[Exercise instructions]:
When you reach the line with "Elektrischer Heizteppich/Heizmatte /", transcribe it and each line after it through the last one below, exactly. Pictures stay out.

[Dataset section]:
☆ ☆ ☆
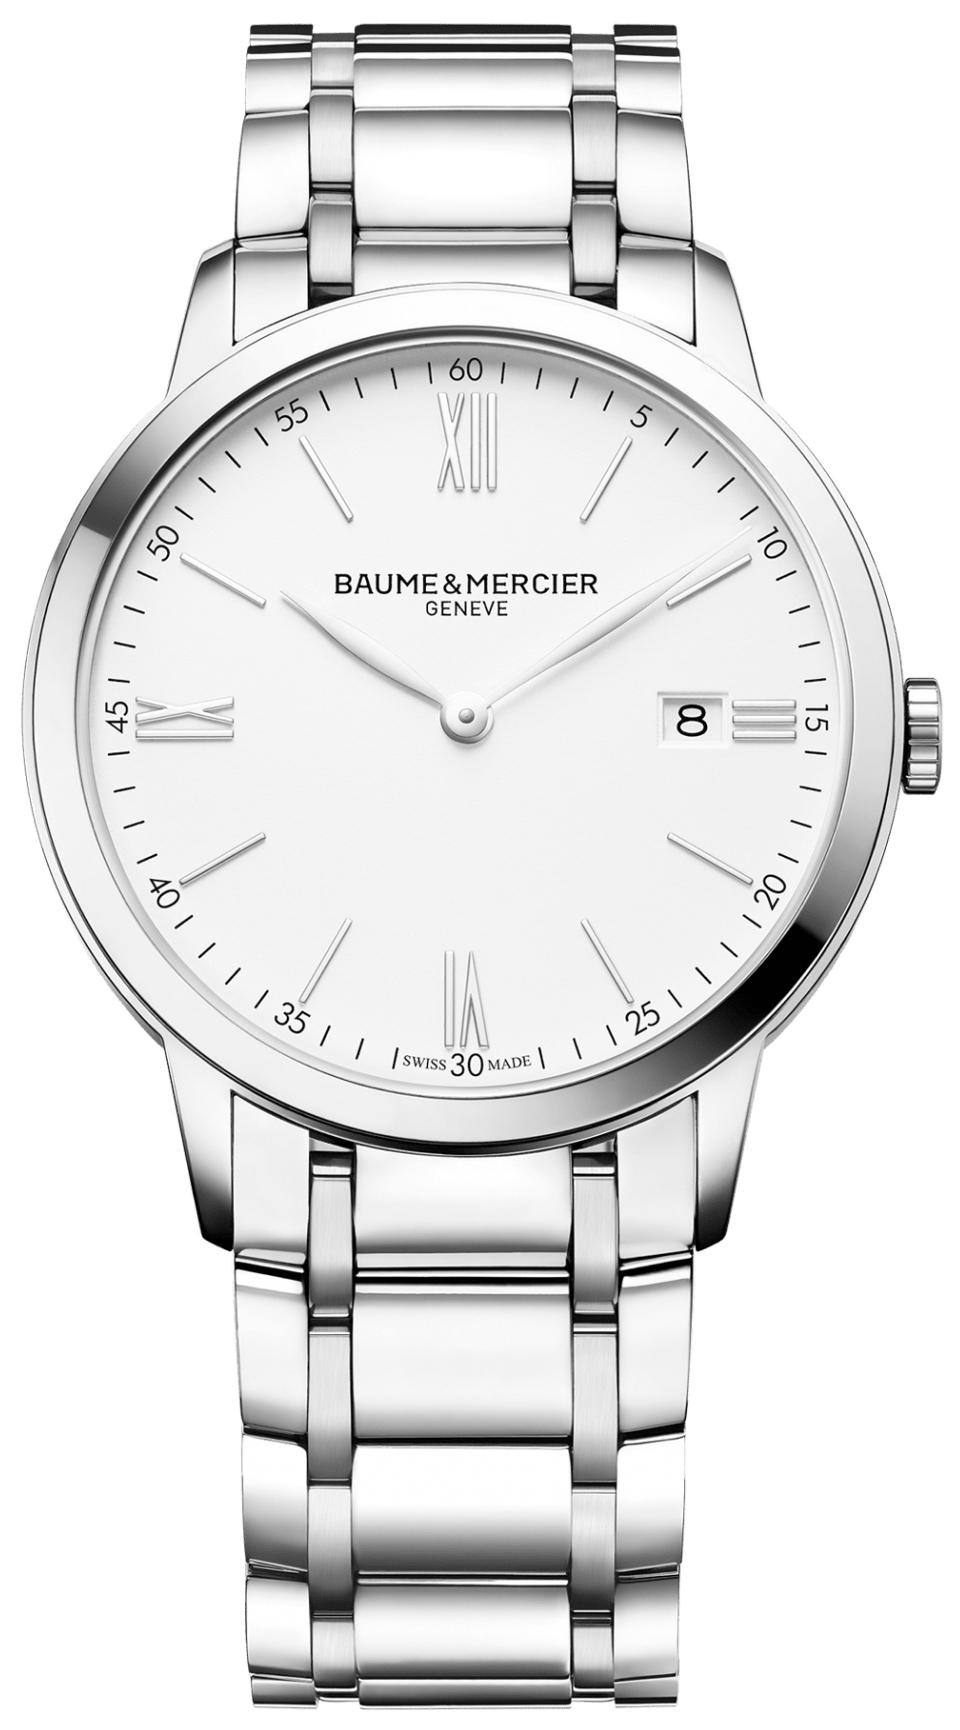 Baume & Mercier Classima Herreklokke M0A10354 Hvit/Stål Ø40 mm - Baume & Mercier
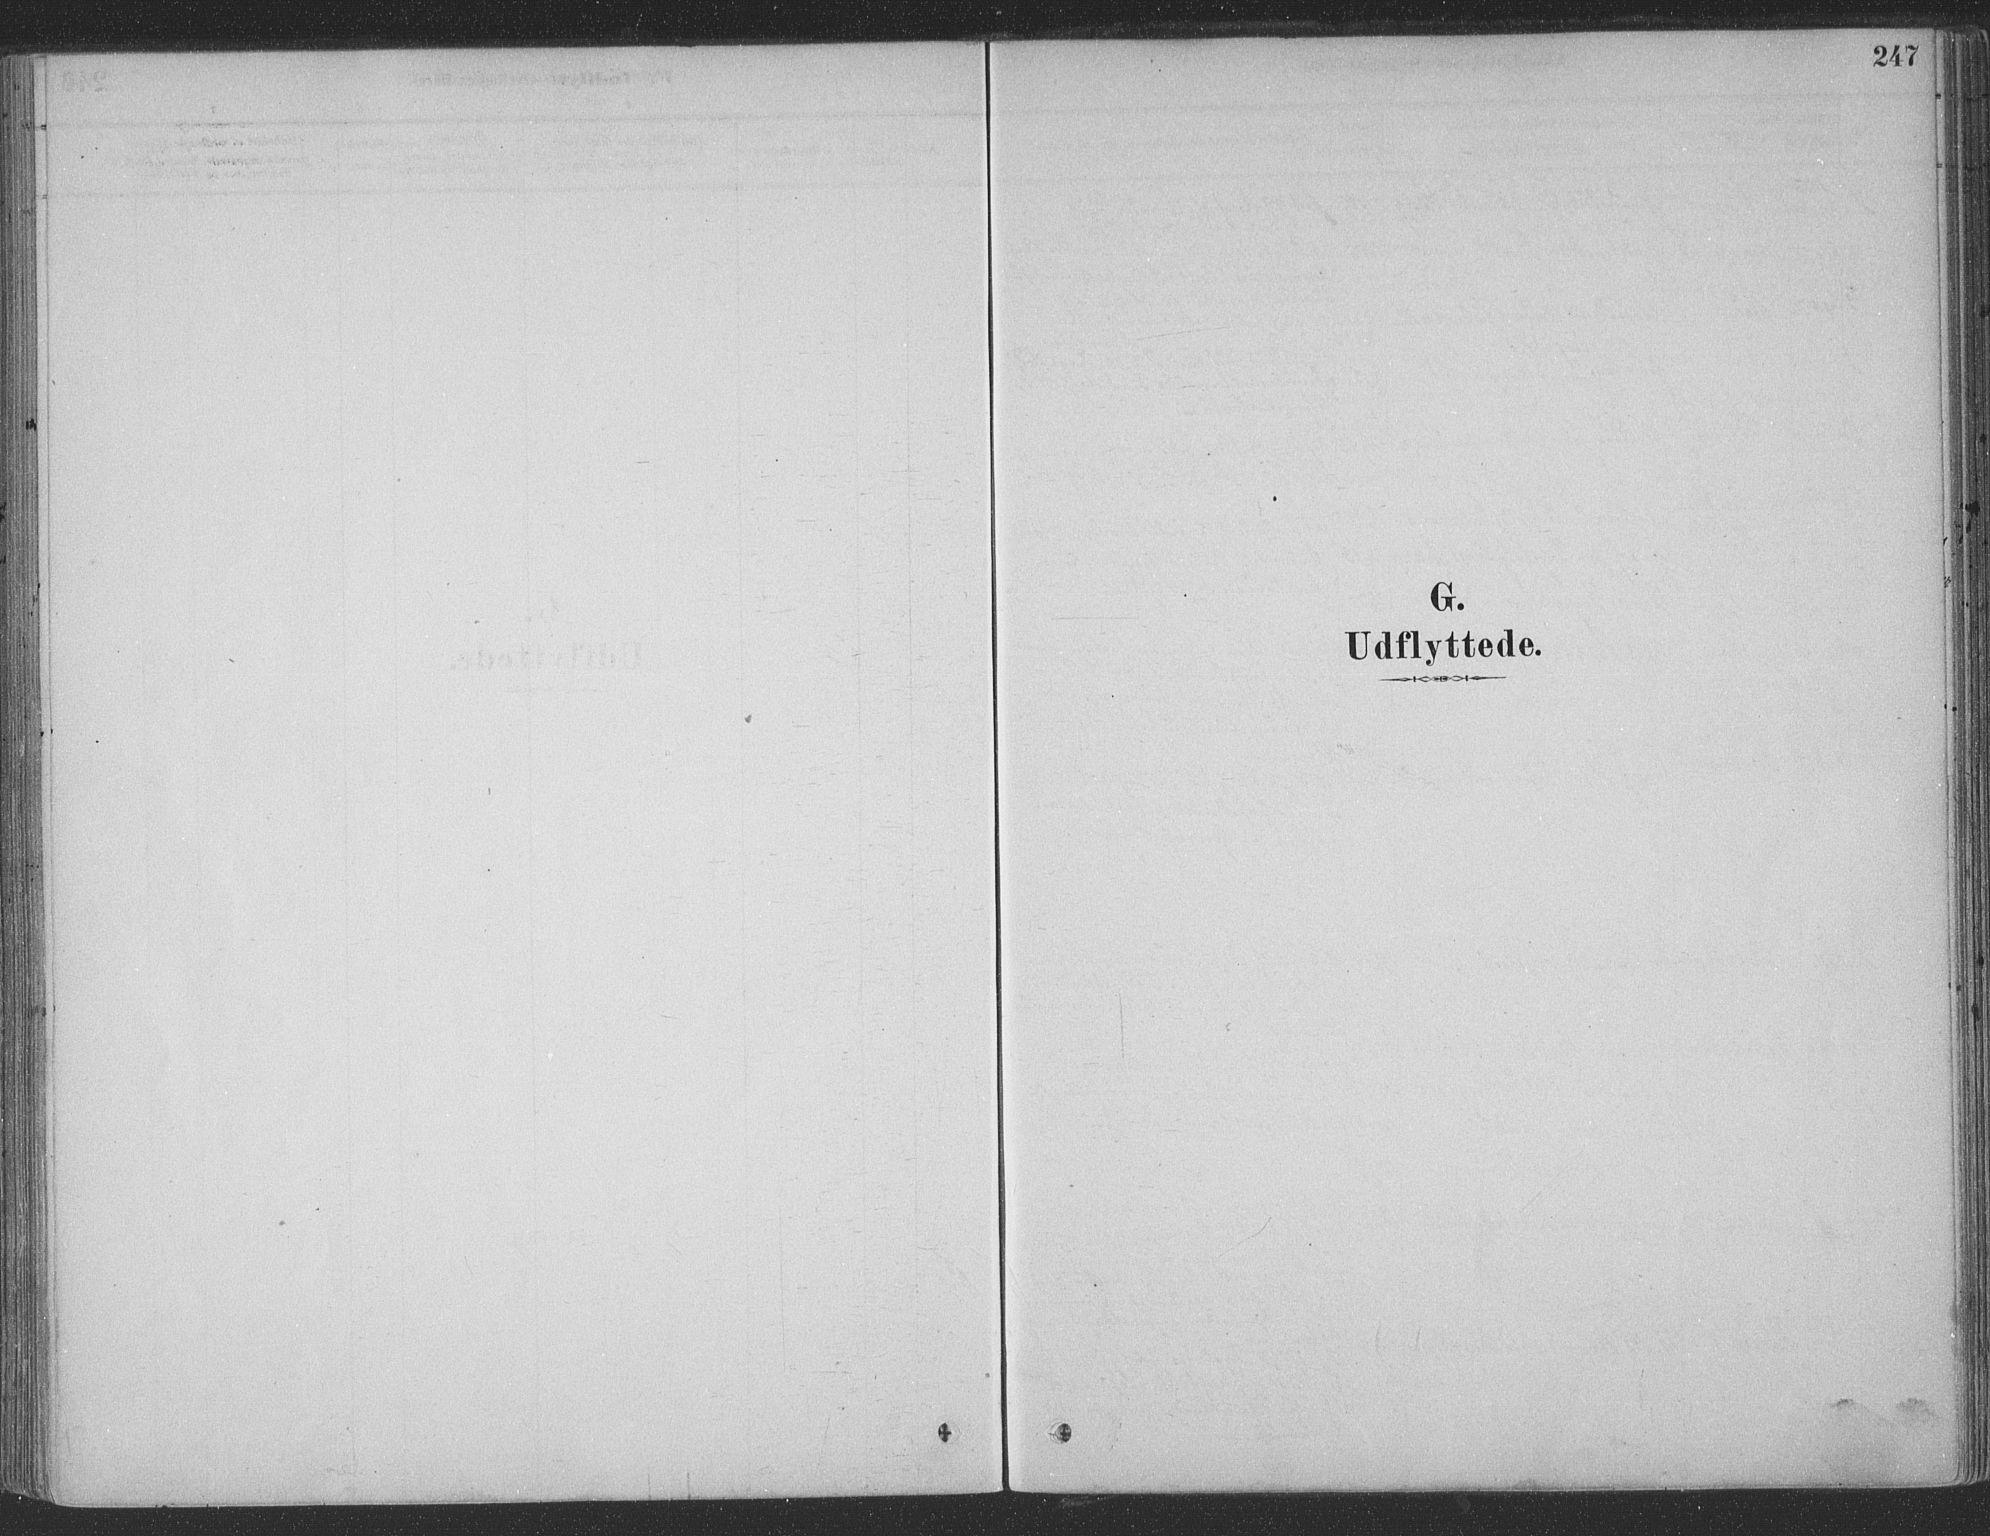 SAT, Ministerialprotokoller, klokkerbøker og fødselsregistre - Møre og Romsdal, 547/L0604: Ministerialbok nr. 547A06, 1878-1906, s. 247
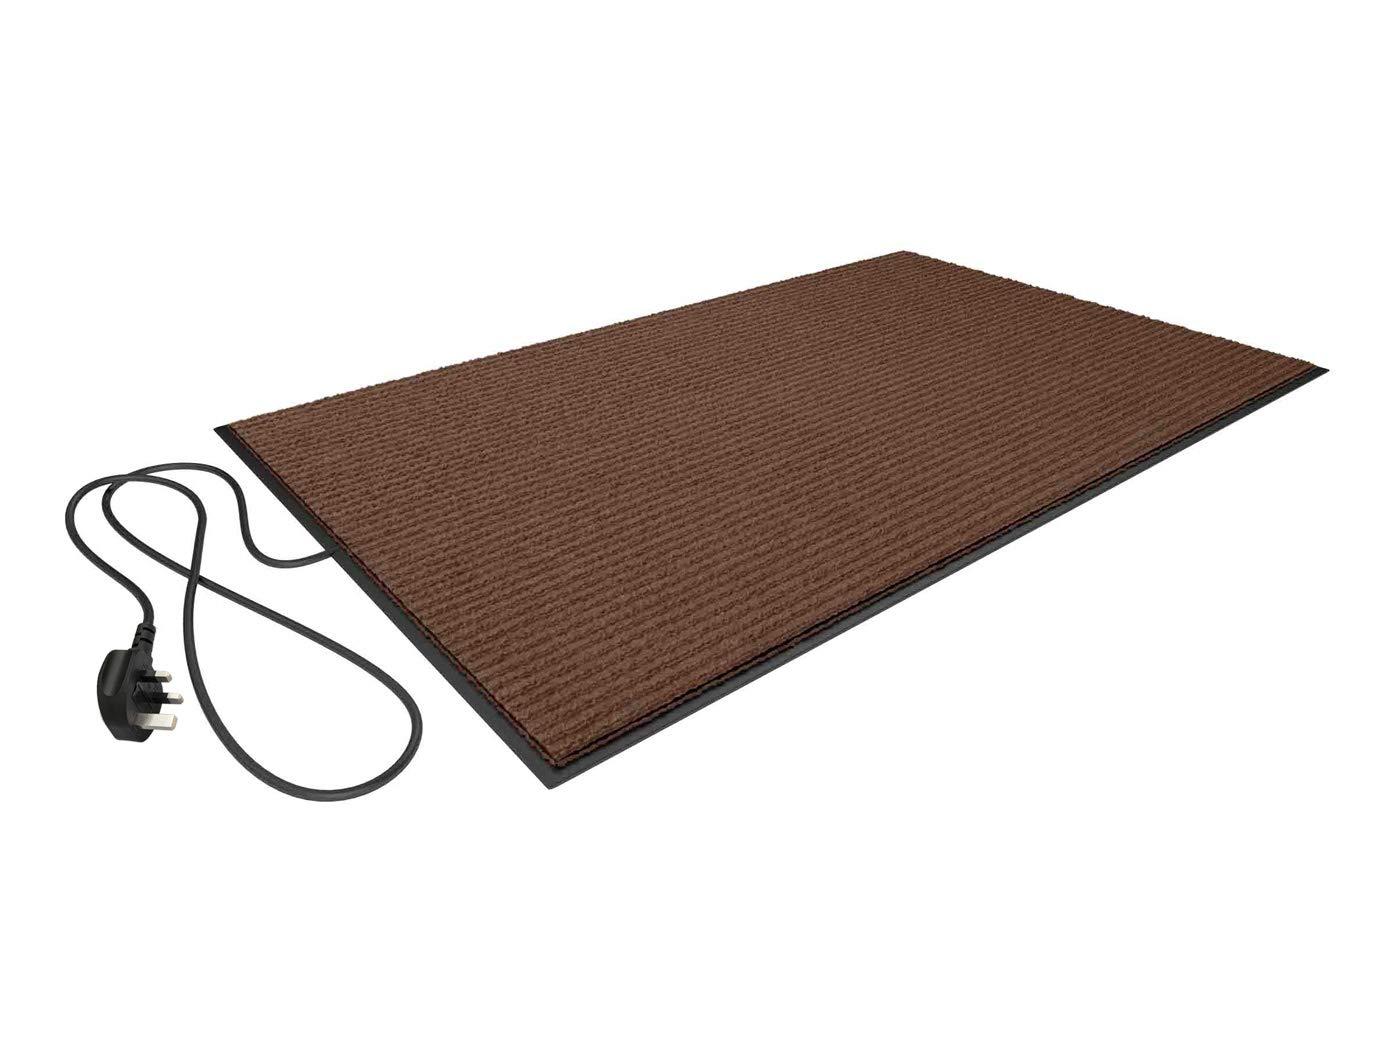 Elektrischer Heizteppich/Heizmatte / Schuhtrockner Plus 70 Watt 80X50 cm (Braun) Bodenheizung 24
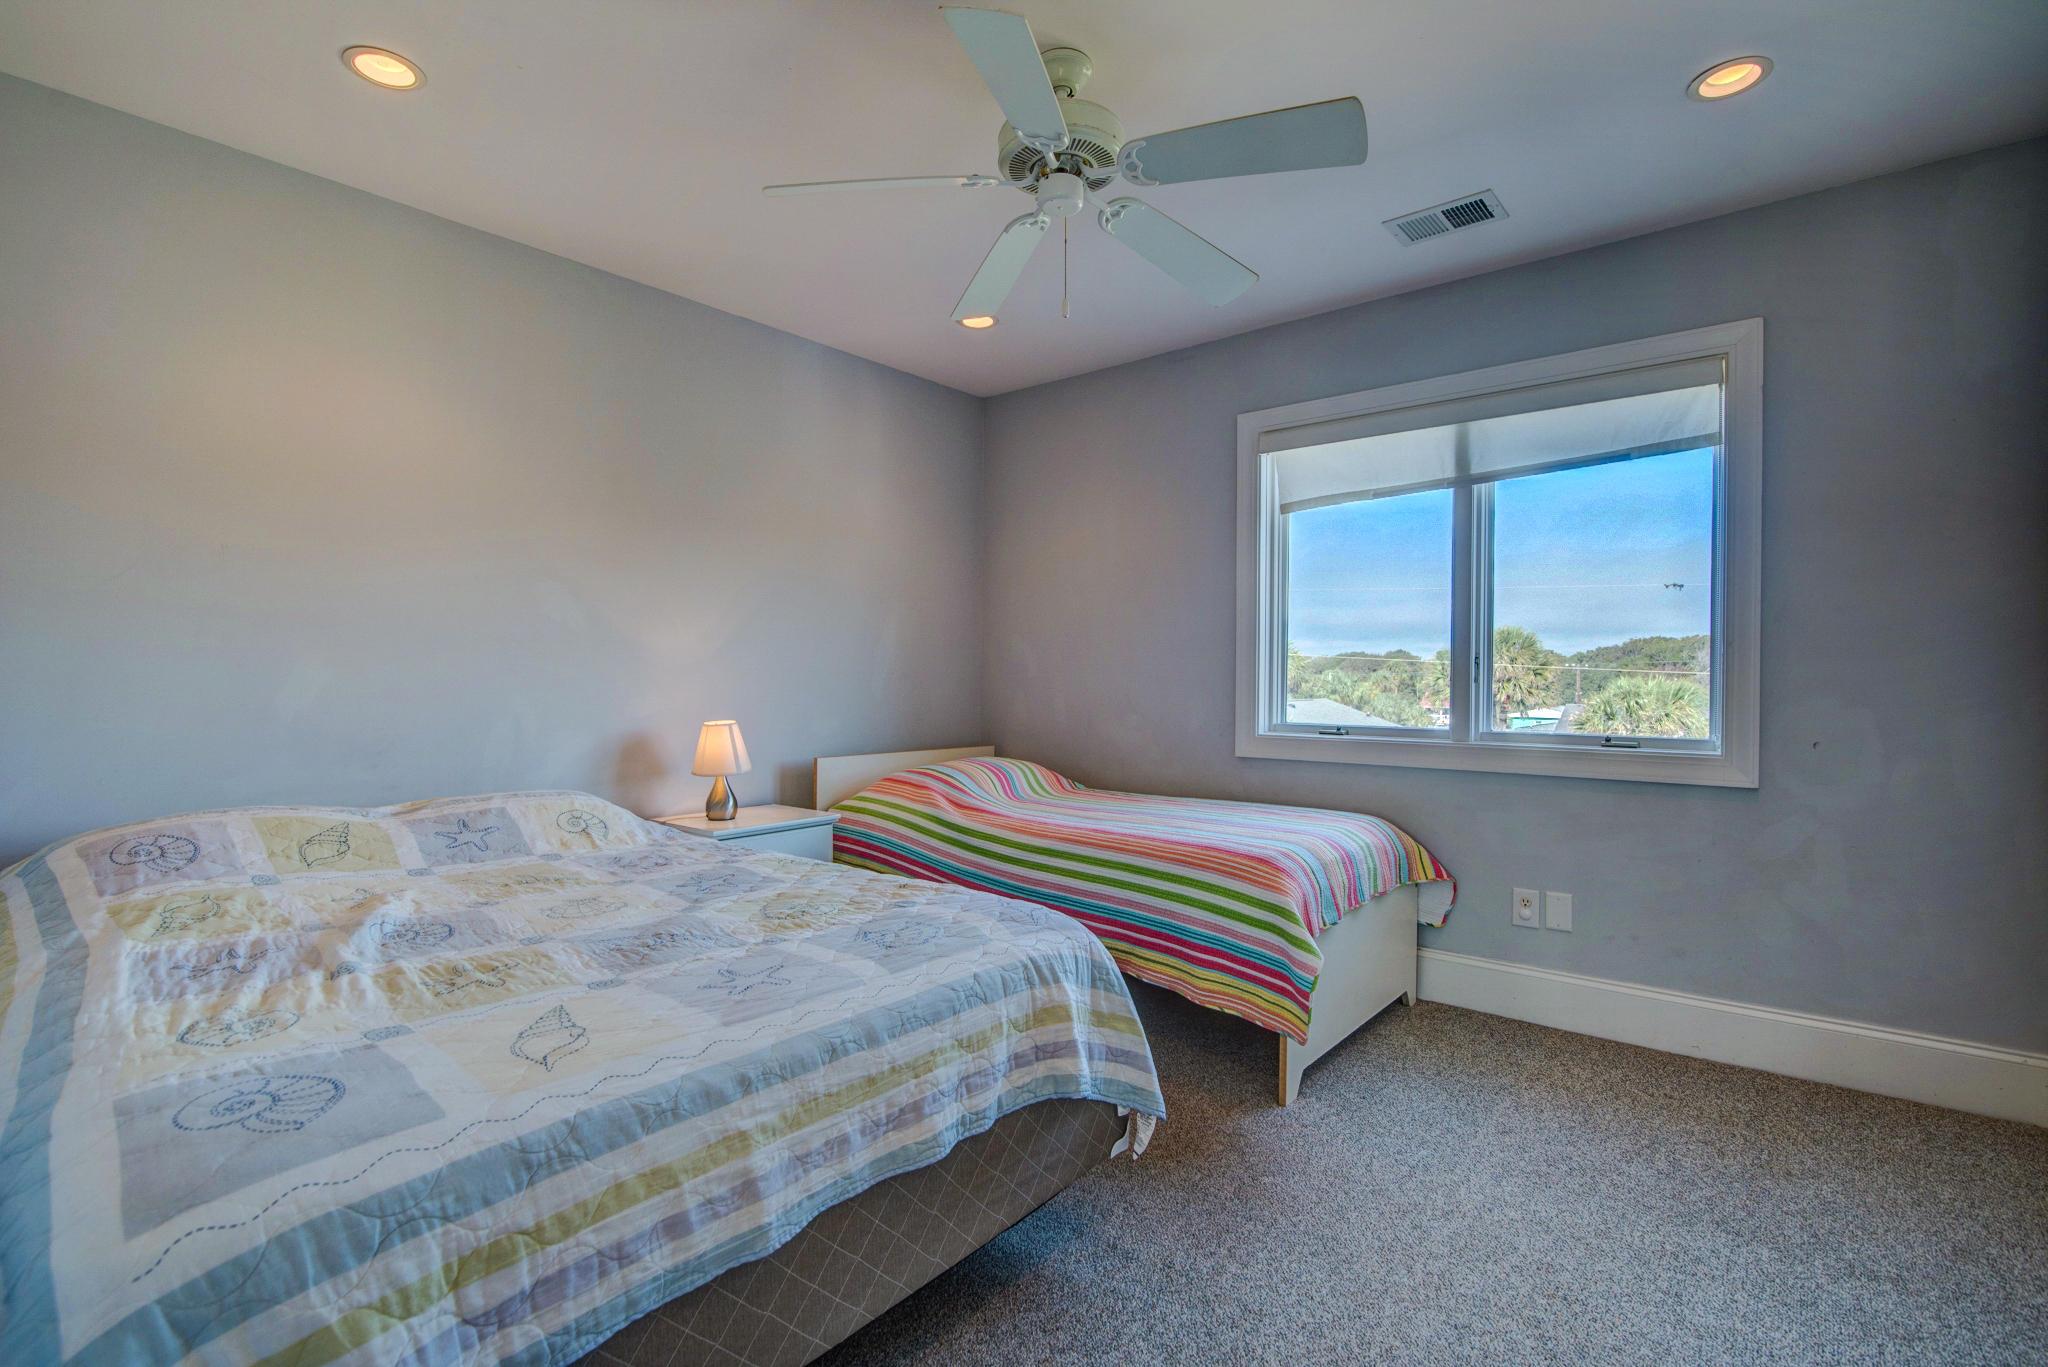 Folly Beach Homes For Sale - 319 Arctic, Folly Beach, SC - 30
☆ ☆ ☆
[Result of this exercise]:
 Elektrischer Heizteppich/Heizmatte / Schuhtrockner Plus 70 Watt 80X50 cm (Braun) Bodenheizung 24
 Folly Beach Homes For Sale - 319 Arctic, Folly Beach, SC - 30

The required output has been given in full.